For its first public appearance, the Strongbow Gold team rigged an entire bar in central Budapest with RFID readers, antennas and wires. Then during the night, StartCap triggered a string of memorable activations.

A bottle that behaves like a remote control

The core mechanism is packaging as a trigger. An RFID element in the cap signals nearby readers when the bottle is opened, and that signal kicks off a pre-set sequence in the environment, lights, music, props, anything the system is wired to control.

In European FMCG brand launches, connected packaging is a direct way to turn a product claim into a lived experience because the consumer action, opening the bottle, becomes the start button for the story.

Why this lands in a bar context

Bars already run on anticipation. People are there for the next moment. StartCap simply makes that “next moment” programmable, and ties it to the brand in a way that feels earned rather than announced. Because the trigger is the same action guests already perform, the surprise reads as part of the night, not a branded interruption.

Extractable takeaway: In any shared venue, tie a visible “room moment” to a natural product action and the crowd will supply the reaction and conversation without extra prompts.

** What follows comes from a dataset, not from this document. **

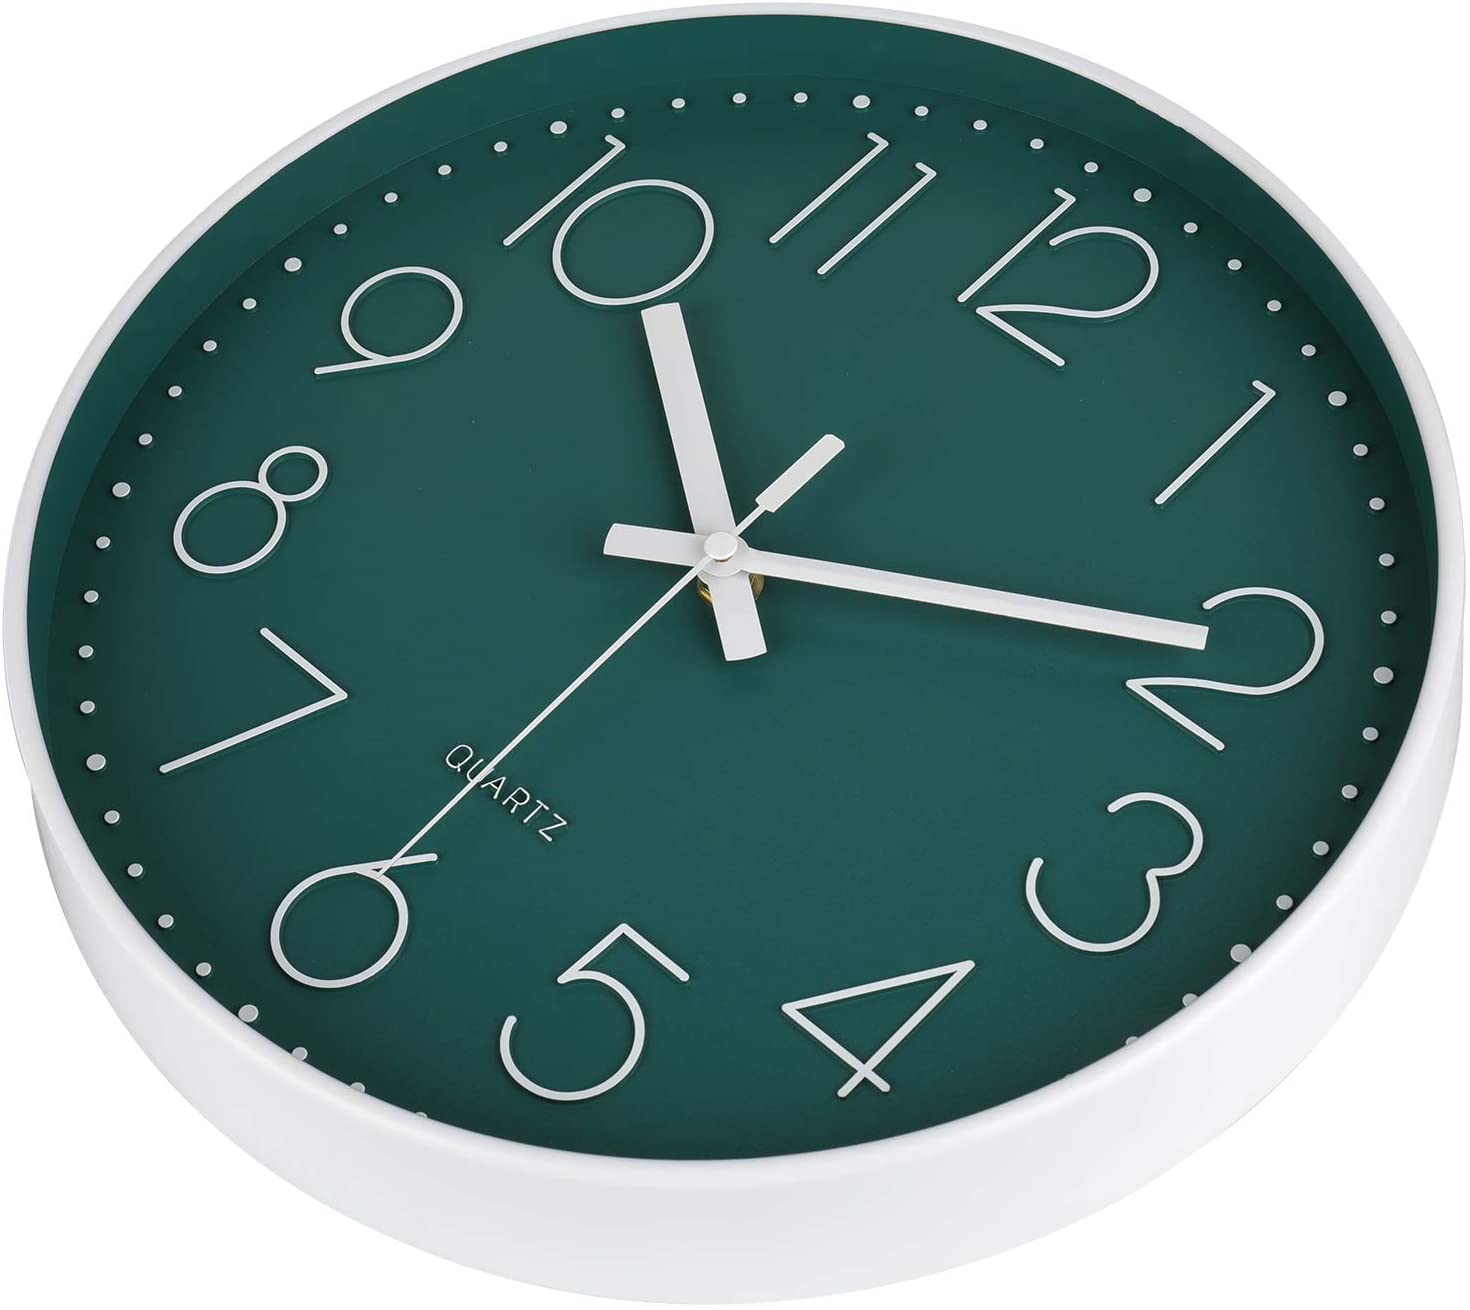 8138-12-Turquoise 12 Inch Silent Non-Ticking Battery Operated Round Wall Clock Easy to Read Clocks ( Turquoise Color )

What the brand is really proving

This is less about a new cap and more about a new role for the brand. Strongbow Gold positions itself as the catalyst for a better night out, not just a drink choice. Connected packaging is only worth doing when the payoff is unmistakable in the room. The technology is the proof device that makes that positioning tangible.

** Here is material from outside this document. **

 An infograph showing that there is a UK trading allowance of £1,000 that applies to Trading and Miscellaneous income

The real question is whether you can choreograph a repeatable “room moment” without making the tech the headline.

Connected-packaging stealables for your next idea

Connected packaging here means the package contains an identifier or sensor that can trigger a response in a nearby system, turning a normal use action into an experience cue.

  • Make the trigger unavoidable. Opening, pouring, unwrapping. The action must be natural.
  • Design for surprise, not complexity. One clean signal, one clear payoff, then scale the choreography.
  • Use the environment as media. If the space reacts, you earn attention without buying more screens.
  • Keep it safe and reliable. In live venues, failure is public. Redundancy matters.

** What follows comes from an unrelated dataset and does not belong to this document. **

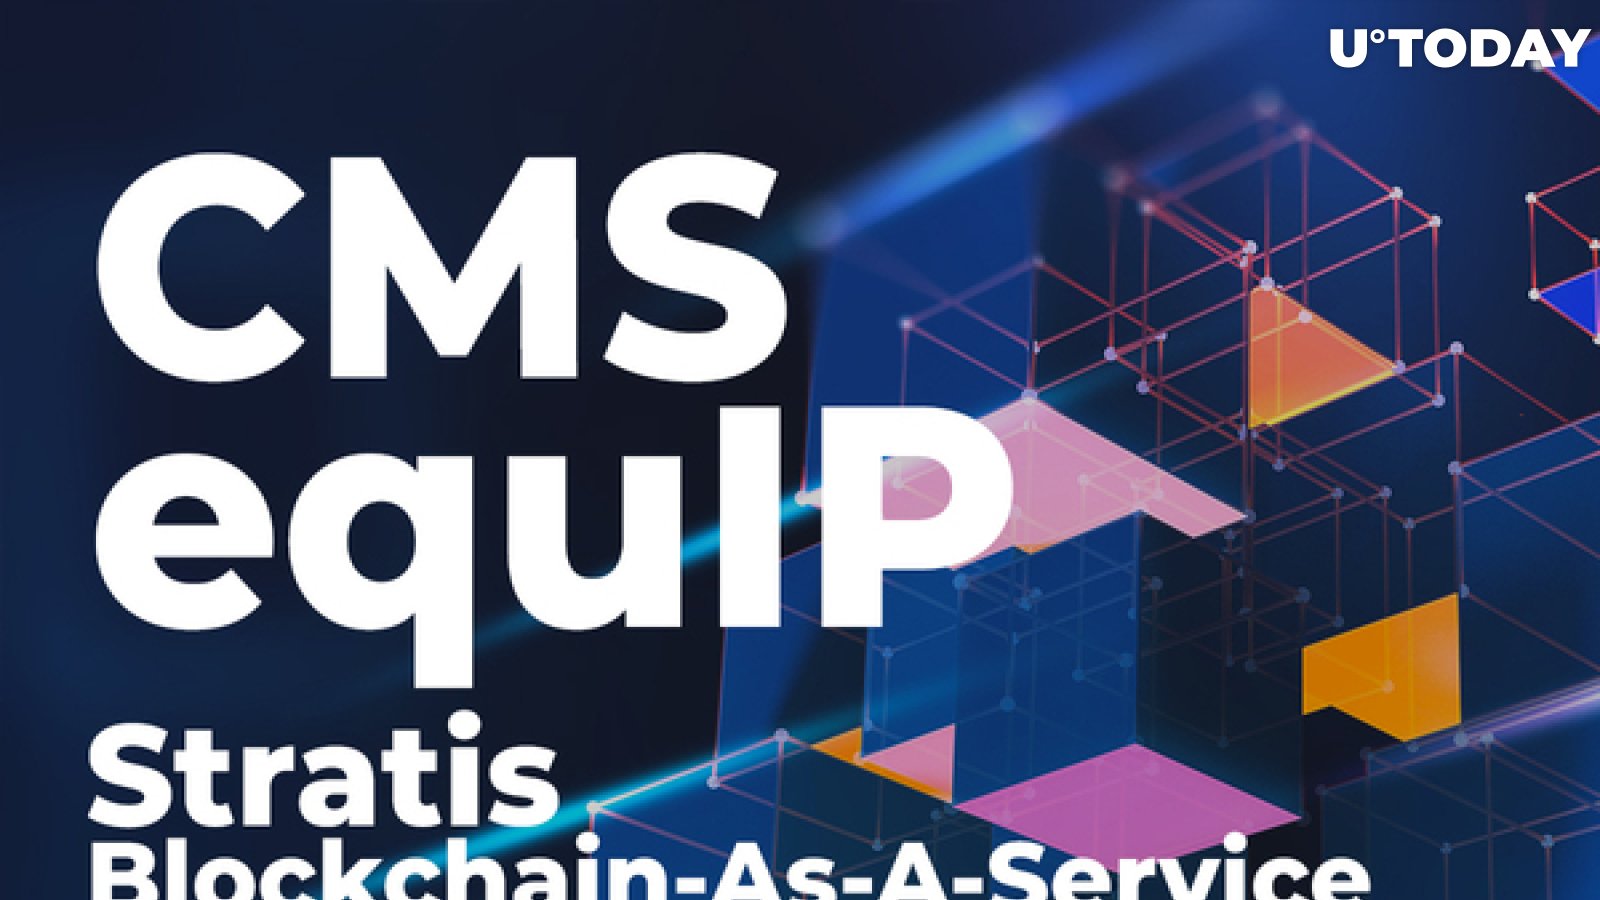 Microsoft-Focused Stratis Blockchain-as-a-Service Firm Picked by CMS equIP Program

A few fast answers before you act

What is StartCap in one sentence?

A digitally connected bottle top that uses RFID to trigger events in the surrounding environment when the bottle is opened.

Why is packaging-triggered tech so effective?

Because it links the brand to a physical action the consumer already performs. The experience starts at the product, not at an ad.

What is the biggest risk with “connected bar” activations?

Operational fragility. If sensors misread, activations lag, or the venue is too noisy to notice outcomes, the magic disappears.

Does this need a smartphone app to work?

Not necessarily. This model can be environment-driven. The venue infrastructure can detect the trigger and run the experience without asking the guest to install anything.

What should be measured to judge success?

Participation rate, repeat triggers per guest, dwell and sentiment in the venue, plus any post-event lift in brand consideration and trial.